Я понадеялся на благосклонность химии. В качестве проявителя использовал зубной порошок – к сожалению, тоже ничего.
Отчаявшись, вспоминаю о воде! Заливаю миску доверху водой и аккуратно помещаю лист на дно на три минуты. Я уже думаю о неминуемом провале, ничего не ожидая. Но представьте себе наиглупейшее выражение лица человека от неожиданной радости или удивления. Так вот, момент наступил: я вынимаю двумя пальцами мокрый листок и вижу, как желтая поверхность начинает быстро темнеть. От ее середины и до левого угла проявляется все больше строчек, полупрозрачные надписи проявляются все четче. Читать нелегко, а то и вовсе невыносимо. Корявый почерк Ленгретти просто убивает меня, невозможно понять даже самые обычные слова!
Полчаса я расшифровываю и составляю из черточек и закорючек предложения. Я расшифровал весь текст до того, как пришлось повторно опускать бумагу в воду. Усаживаюсь на стуле и начинаю жадно читать.
«Мне никогда прежде не приходилось вести дневник и другие записи, кроме тех, что необходимы мне для работы. Я Боб Ленгретти – владелец особняка «Темный бор». Нахожусь в смятении и жутком страхе за свою жизнь.
Я прожил в стенах зловещего средневекового здания пятнадцать или шестнадцать дней, остальное время мне посчастливилось провести в ином мире. До сих пор не знаю, как описать его, как описать свое возвращение. Но за это время у меня возникла крепкая связь с предметом, который однажды указал мне путь из безнадежной ситуации. Я уверен, что едва ли кто-то поверит в это!
Примерно через неделю встал вопрос об оружии. И я сумел его решить по рекомендации приятного, умного человека. Вызывал полицию, да, да. Они приезжали по моей просьбе дважды и заверили, что непременно сдадут меня куда положено. Но все это пустяки по сравнению с тем, что мне пришлось пережить.
На следующую ночь после их уезда, когда за окном бушевали гром и молнии, ко мне кто-то нагрянул! Я видел тень в запотевшем стекле в ванной комнате. Слышал шаги – шарканье, или нет, это было похоже на то, как дровосек режет дерево, крепкий ствол, насквозь. Оно всегда находилось где-то рядом, будто чувствовало мой страх за версту и знало, где я прячусь.
Я обнаружил на чердаке странный предмет – обруч. Не уверен, что видел когда-либо что-то подобное, он имеет все признаки внеземного происхождения.
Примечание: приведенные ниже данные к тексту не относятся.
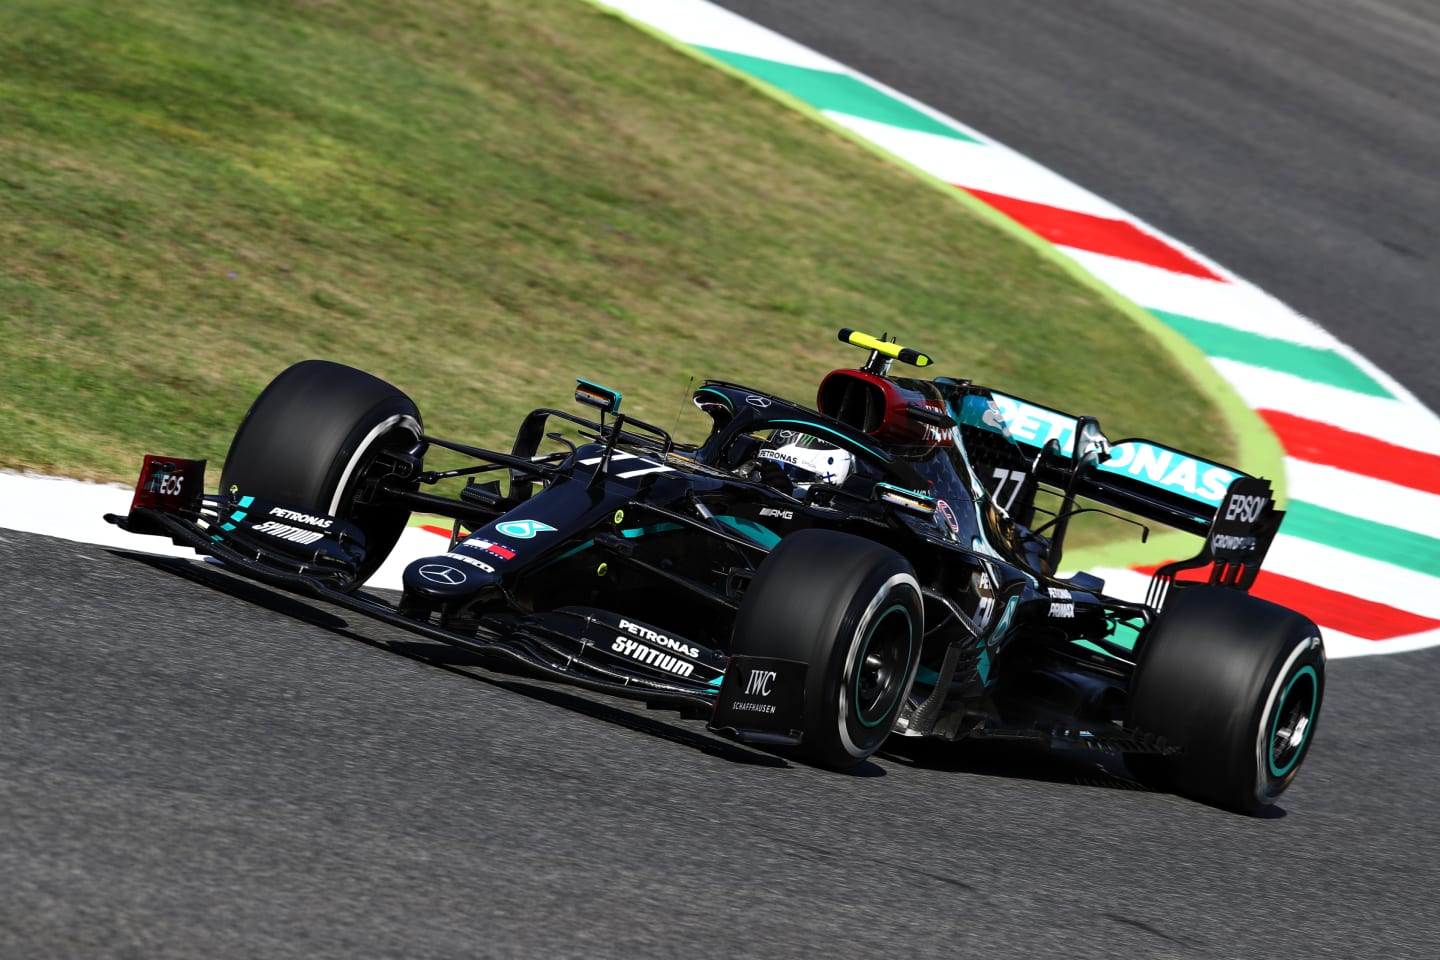 SCARPERIA, ITALY - SEPTEMBER 11: Valtteri Bottas of Finland driving the (77) Mercedes AMG Petronas
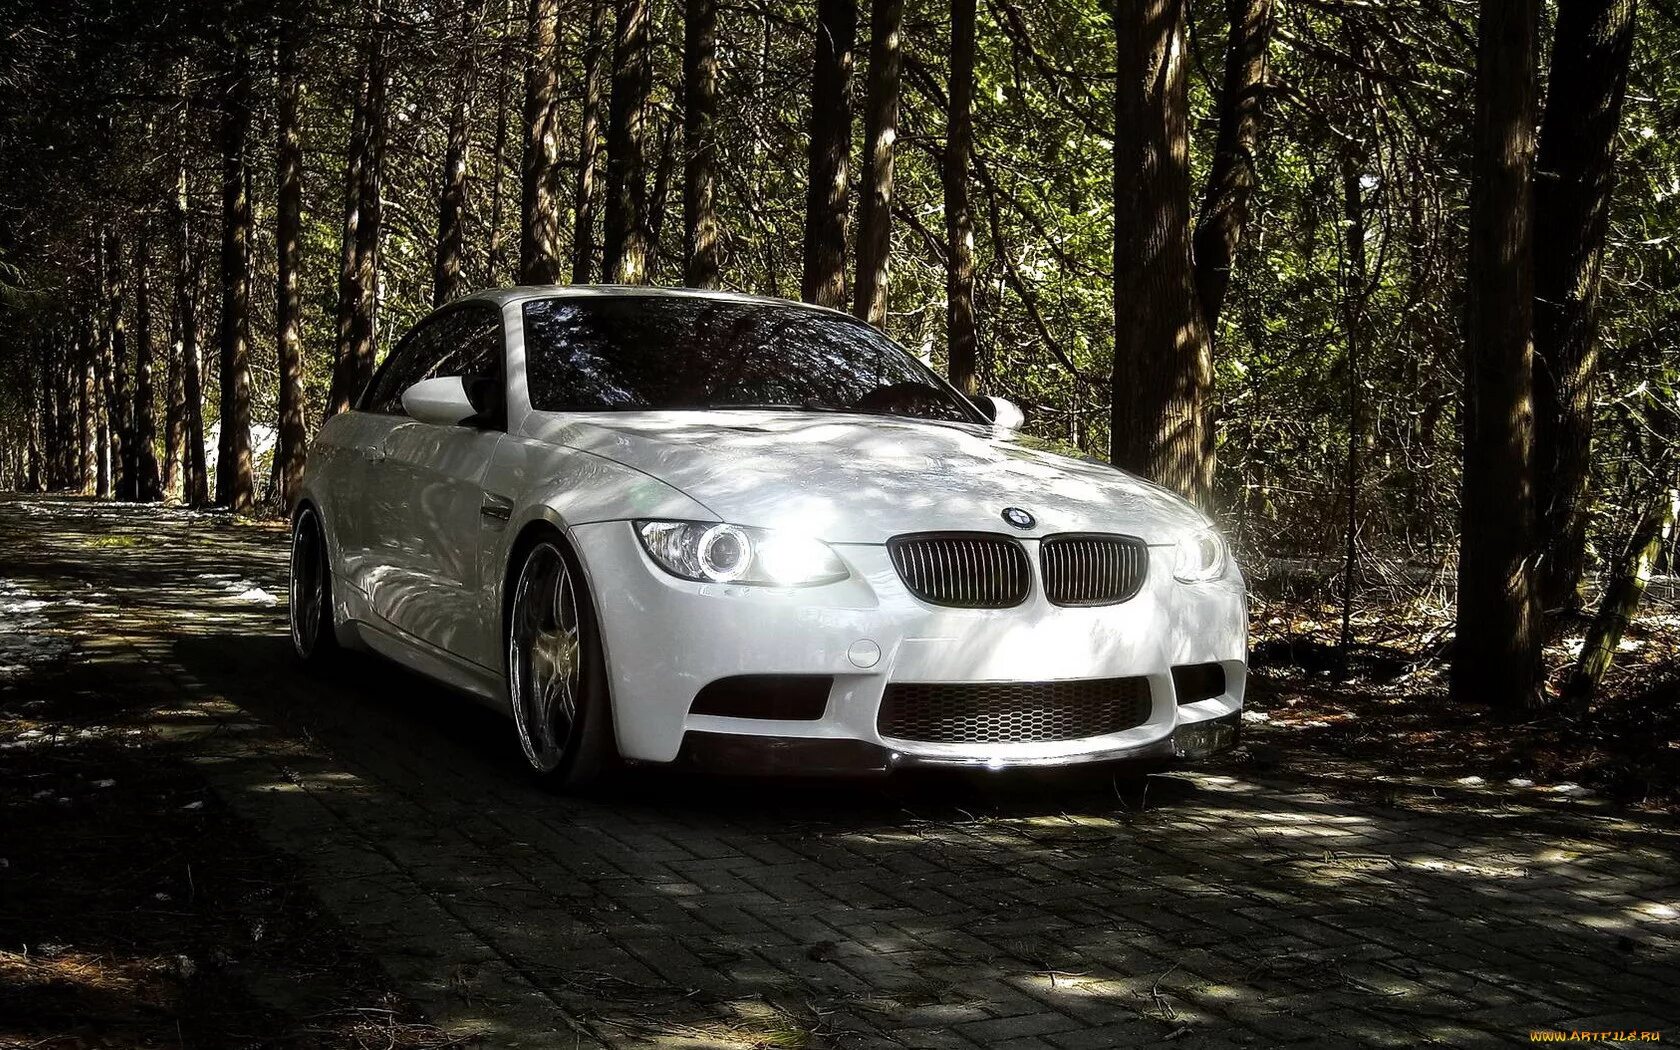 Капот в лесу. БМВ м3. BMW m5 e60. БМВ м5 в лесу. BMW m3 360 Forged.

Его невероятные свойства стали новым открытием. Обруч способен творить пространство силой мысли. Только представь себе проход в стене – и он тут же материализуется. Но вот беда – тварь все слышит. Мерный голубой свет предупредит тебя о ней.
Запомни это!
Я записываю на ходу, хочу поскорее избавиться от тяжкого груза. Мне нужно не только оставить послание и обруч на чердаке, но и вырваться из страшного плена, в котором я вязну. На том самом месте, где я его обнаружил. Не думаю, что имею право присваивать обруч себе, – у меня недостаточно информации, чтобы знать наверняка, что неосторожность не приведет к серьезным проблемам. Я бы поостерегся его мощи, так как изучить ее просто невозможно!
Я тороплюсь, так как уже наблюдаю слабое мерцание на предмете, и это очень огорчает меня. Ведь весь путь мне придется проделывать самостоятельно, надеясь только на себя и на удачу.
Я должен успеть в город, должен предупредить людей. В особняке «Темный бор» опасно! Безумно опасно. Никто не должен пострадать, люди должны узнать правду, а иначе смерть настигнет…»
Фраза обрывается, будто ему вдруг помешали. Бежал?! Бежал от опасности.
Мысль становится еще непереносимей, когда я вспоминаю подробности злосчастной ночи в особняке. Я едва удерживаюсь от нервного смеха. Каждый день находиться в смертельной близости с неизвестным созданием, догадываться, но не знать, насколько близко твоя смерть…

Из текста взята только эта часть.